5 reasons to avoid indexed life insurance policies
1. The policy illustrations you see are inflated way beyond any return you would get even in the most perfect circumstances.
2. They say you get the benefit of a rise in the stock market without the risk. What really happens is they give you tiny portion of gain of an index they select. They cap the amount you can get, and they don’t give you any credit for dividends.
3. That claim that you won’t lose any money? The conditions you have to meet to avoid losses in down years are too numerous to mention.
4. The fees you pay are gigantic.
5. The commissions the salespeople earn selling these things are monstrous.

Why you should buy level term insurance

When it comes to insurance, Clark has always said that you should buy level term instead. It’s simply a death benefit that goes to your survivors. It’s cheap to buy, cheap to own, and you buy it for a period of life you’re trying to protect survivors — usually either 20 or 30 years.

Most agents don’t want to write level term policies because there’s no money in it. You may have to buy on the Internet or from direct writers that don’t use commissioned salespeople. But buy it you should in order to protect your loved ones.

Yet insurance industry research group LIMRA reports that a third of American households have no life insurance to provide for kids in the event of an income earner’s death. That’s a real stunner. Overall, ownership of life insurance policies is at a 50-year low. Of course, not everybody needs it

Does somebody depend on you? Do you have young kids or a spouse or significant other that depends on you financially? Then you need life insurance!

And don’t forget about stay-at-home spouses. Should a stay-at-home spouse pass away, the remaining parent would have to suddenly pay for childcare and everything else a stay-at-home parent does on a day-to-day basis. That’s why it’s essential the parent at home have a policy too.

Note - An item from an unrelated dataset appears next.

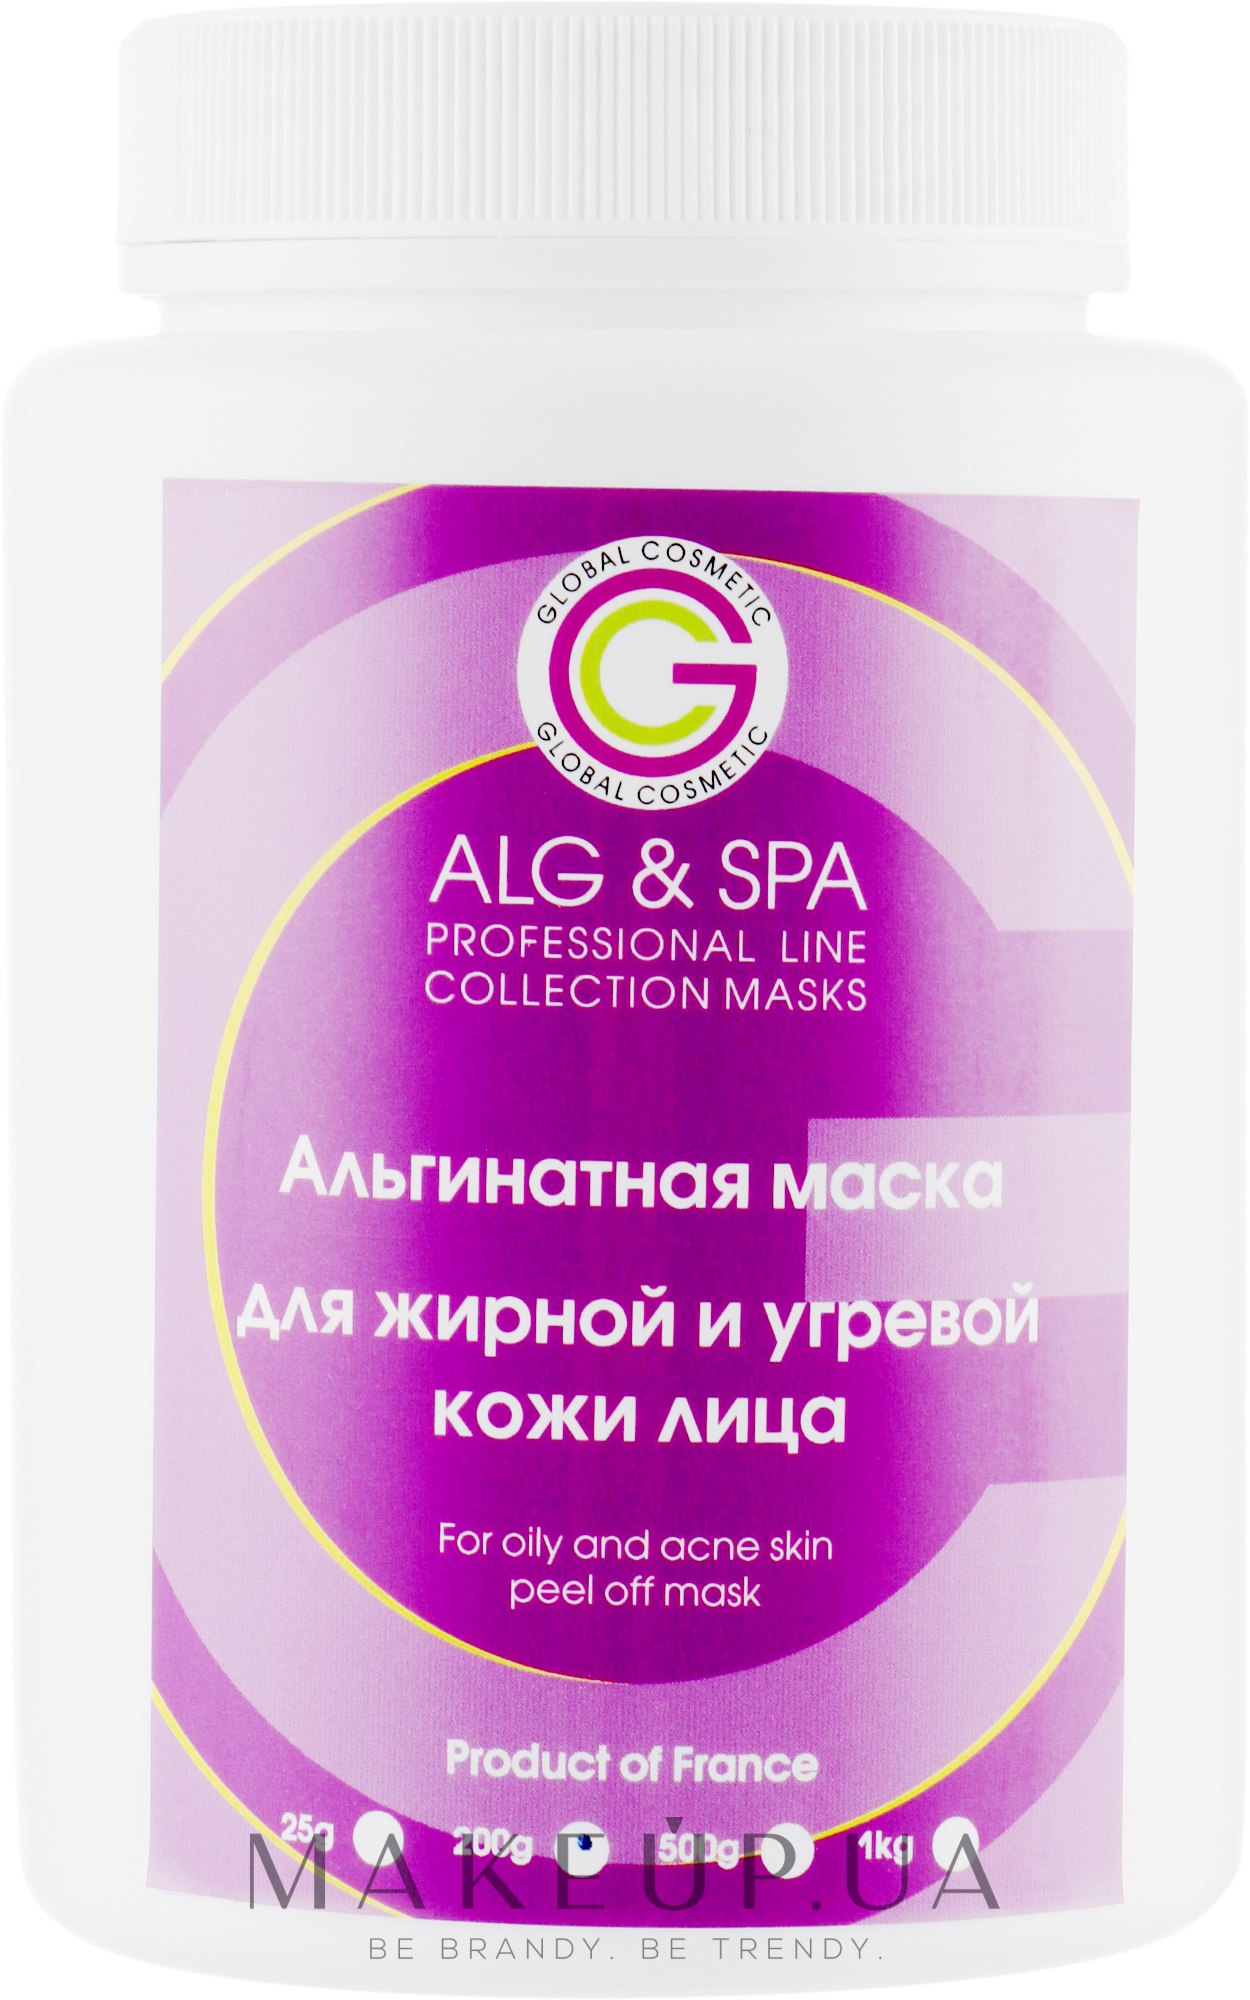 Альгинатная маска для жирной и угревой кожи - ALG & SPA Professional Line Collection Masks For Oily And Acne Skin Peel Off Mask — фото 200g

Keep these tips in mind when shopping…

Buy level term insurance

With level term insurance, you pay one flat rate year after year for the length of the policy. This policy will replace your income should you die unexpectedly. A $250,000 policy for a 35-year-old man can price out for as little as around $3 a week.

But note this well: Level term insurance only provides a death benefit. It does not have a savings or investing component. It’s like car insurance for your life, but instead of buying it annually or in six month increments, you buy it for 20 or 30 years and the premium stays the same during the life of the policy.

Use the Internet to shop for level term coverage

You can comparison shop for quotes at any of a number of sites like Quotacy.com, PolicyGenius.com, 1stOptionInsurance.comInsure.com, AccuQuote.com, or QualityTermLife.com. By shopping online, you avoid an insurance salesperson trying to up-sell you from level term coverage to another insurance product that may be unsuitable for you.


Buy only from companies that are rated A++

The authoritative ratings body for insurance is AMBest.com. Most comparison shopping sites will show you the A.M. Best rating next to the quote.

Know how much coverage to buy

When it comes to the question of how much you should buy, people can get crazy with all kinds of complicated formulas. The simplest rule of thumb says that you should buy six to ten times your annual income.

Only buy through work if you have health problems

It’s better to qualify and go through medical underwriting so you can buy a policy on your own. That’s because most of us don’t stay at the same place forever and you may not have a right to take that insurance with you.